Wrongly Convicted Philly Man Leaves Prison After 25 Years
For the first time in almost 25 years, Anthony Wright walked free yesterday.
Wright, 44, was charged with the 1991 rape and murder of his then-neighbor, 77-year-old Louise Talley. After nine days of testimony and about an hour and a half of deliberation, a jury acquitted Wright during his retrial yesterday, the Inquirer reports. Wright was serving a life prison term without parole.
Wright’s first stop was Nomad Pizza, according to the newspaper, where he joined friends, relatives and his lawyers from the Innocence Project, a non-profit legal organization that aims to exonerate the wrongly convicted and expose flaws in the criminal justice system.
— Innocence Project (@innocence) August 23, 2016
After the non-profit picked up Wright’ case, DNA evidence emerged that linked another man to the crime.
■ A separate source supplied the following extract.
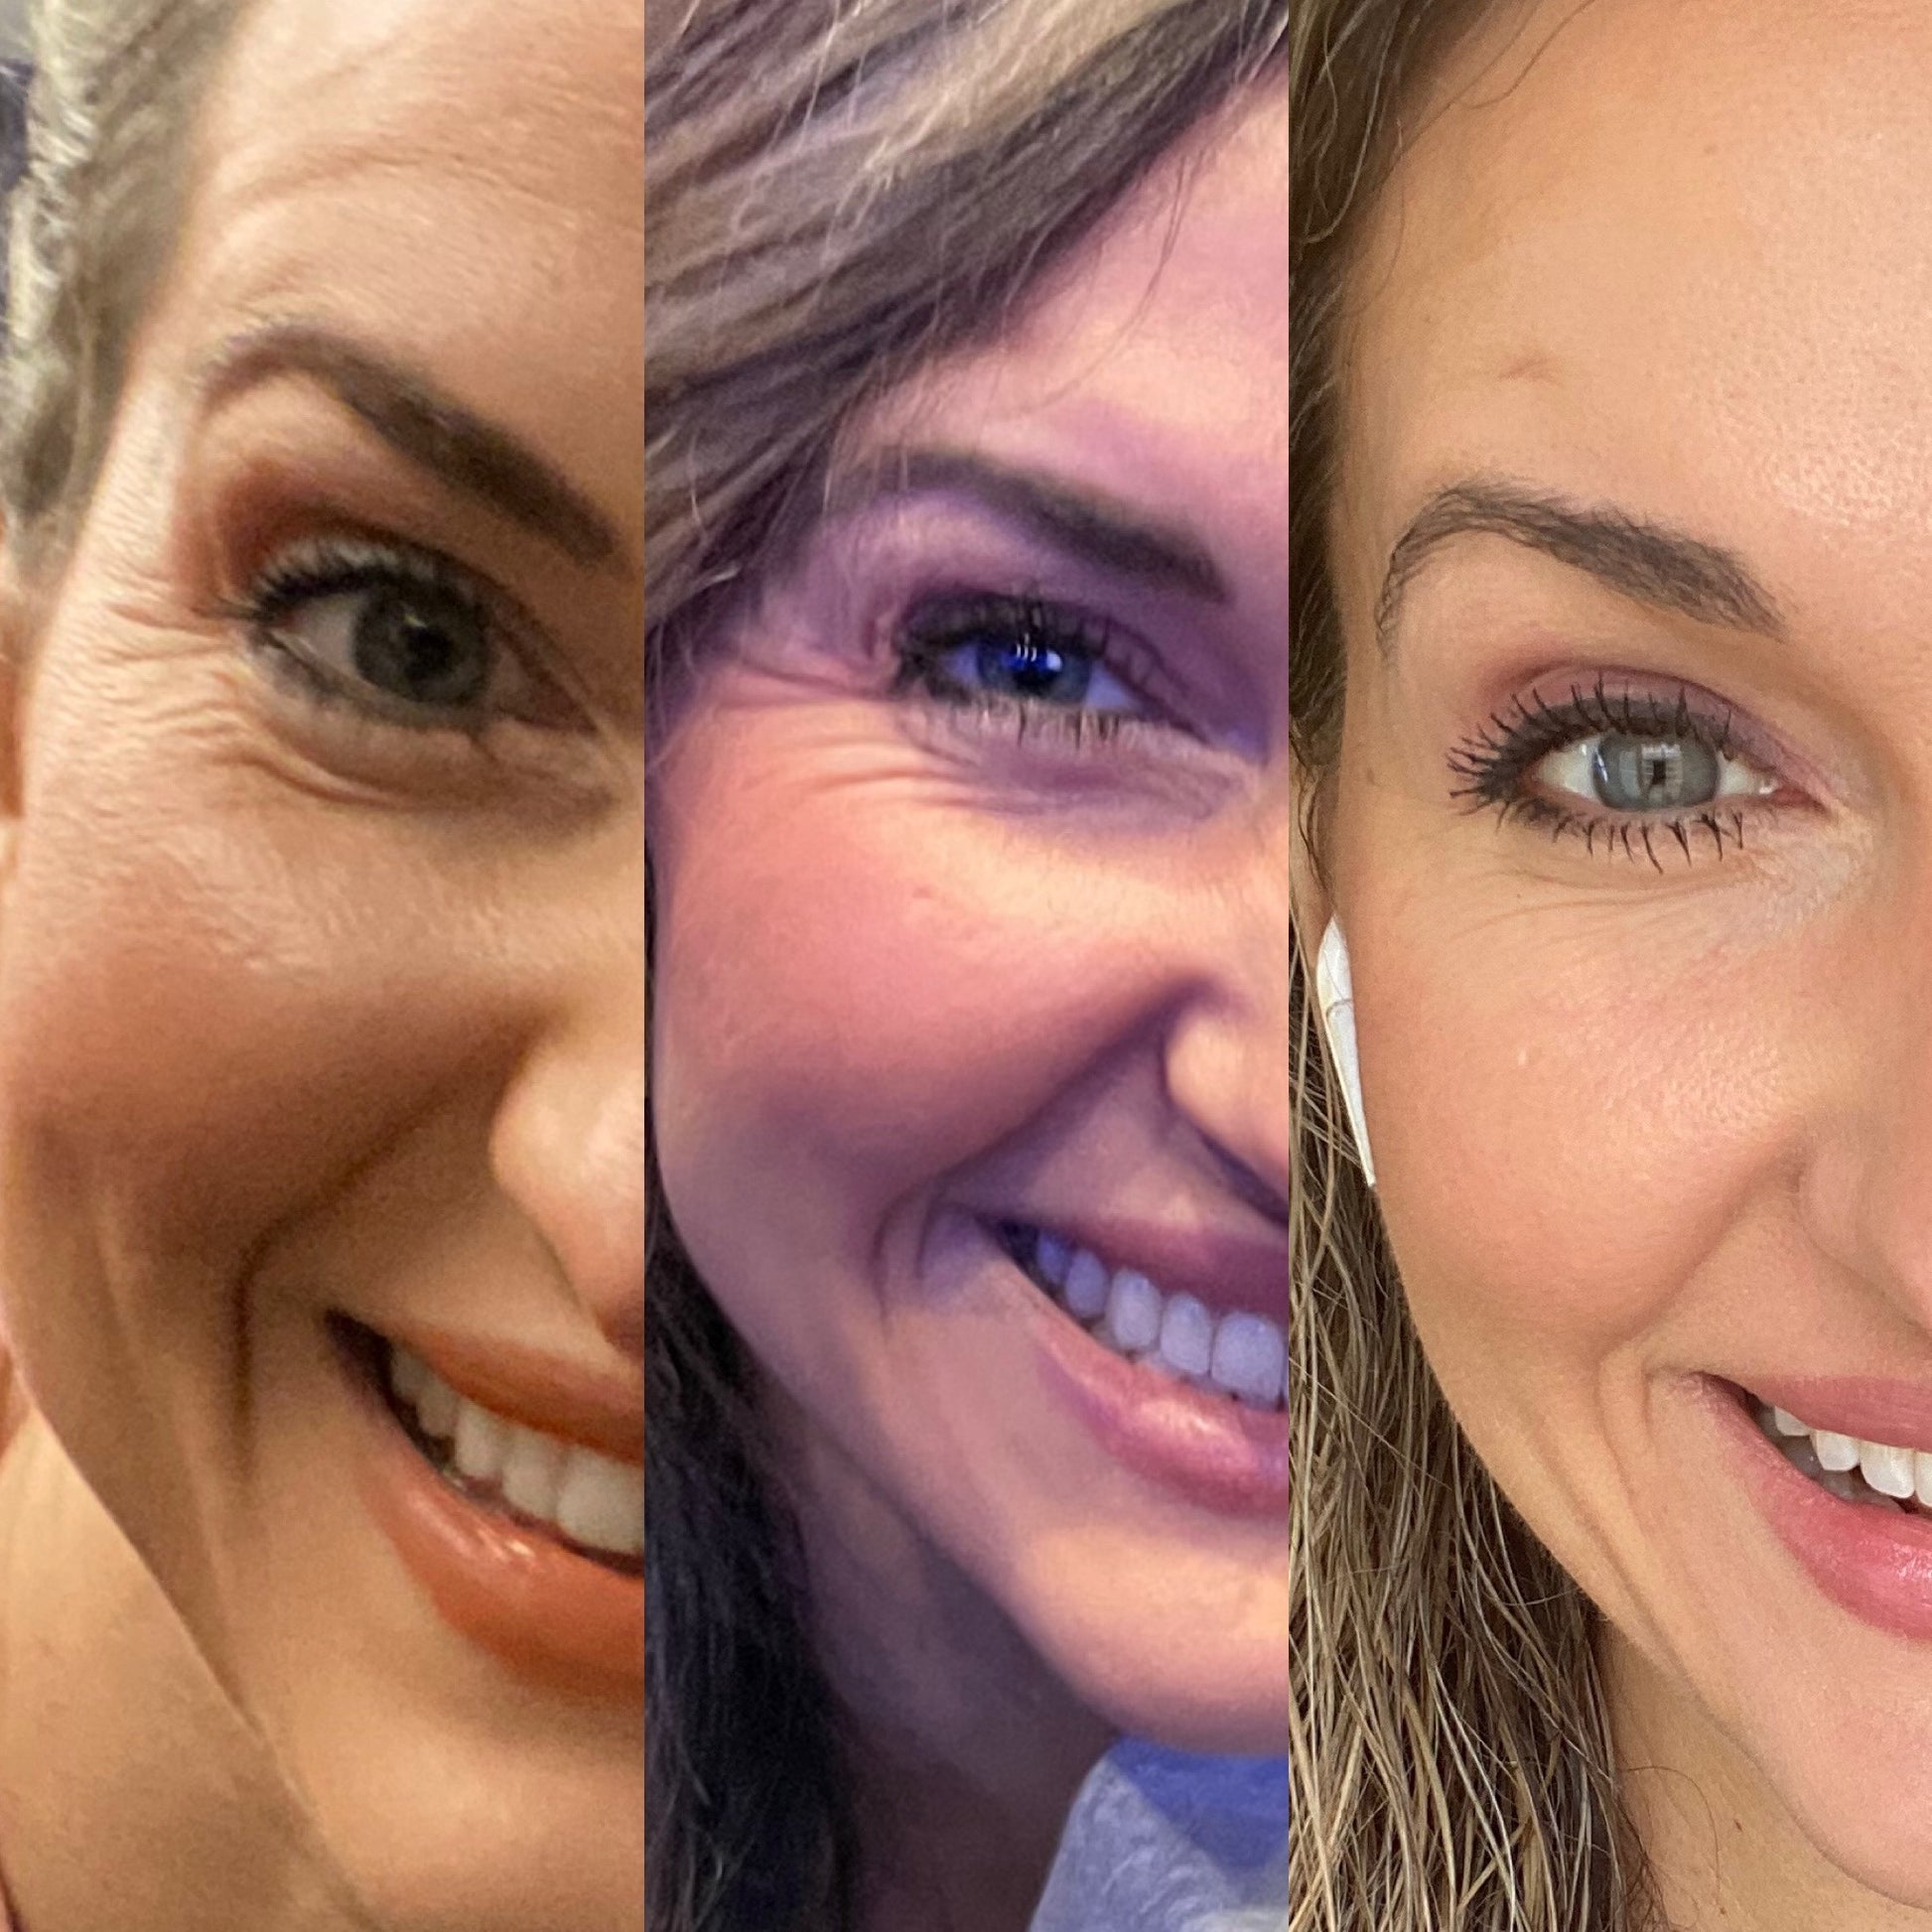 progression photos before and after woman's face using Apple Serum-Malus Domestica-Apple Stem Cell Extract Skincare Products The Frownies to smooth fine lines around the eyes 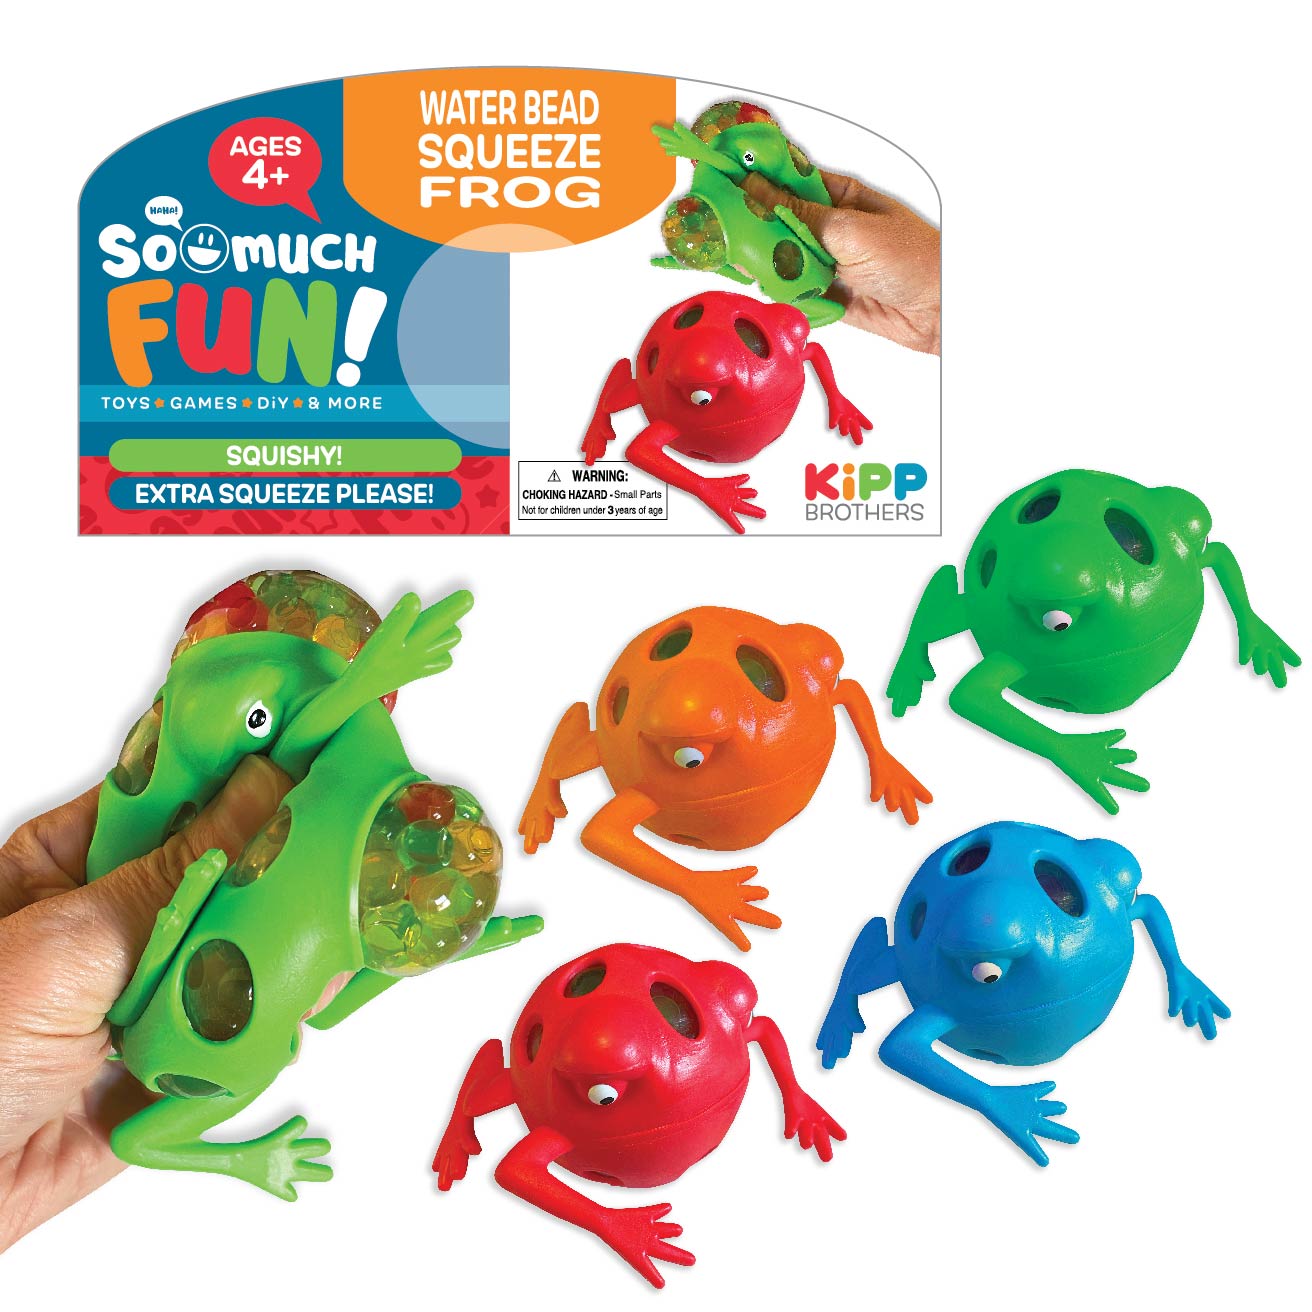 Squish & Squeeze Frog Water Bead Ball Toy - 12 Pieces Per Pack 23212 –  NOVELTY INC WHOLESALE

Despite the new evidence and Wright’s vacated conviction, the Philadelphia District Attorney’s office decided to retry him in 2014. Lawyers from the Innocence Project criticized the decision to do so.
“We are extremely relieved that this very long nightmare is finally over for Mr. Wright and his family,” Innocence Project co-director Peter Neufeld said in a statement. “DNA testing proved not only that Mr. Wright is absolutely innocent but also that law enforcement fabricated evidence against him. But it’s outrageous that he has been forced to endure a retrial to gain his freedom after DNA testing already proved his innocence.”
The District Attorney’s Office commented on the retrial yesterday.
“The District Attorney’s Office stands by its decision to retry Anthony Wright, based on the totality of the evidence,” D.A. spokesman Cameron Kline said in a statement, according to the Inquirer. “The verdict only shows that the jury did not find that his guilt was proven beyond a reasonable doubt.”
An emotional Wright talked little of the case while at Nomad Pizza in Queen Village yesterday, focusing instead on loved ones who had aged during his sentence, the Inquirer reports.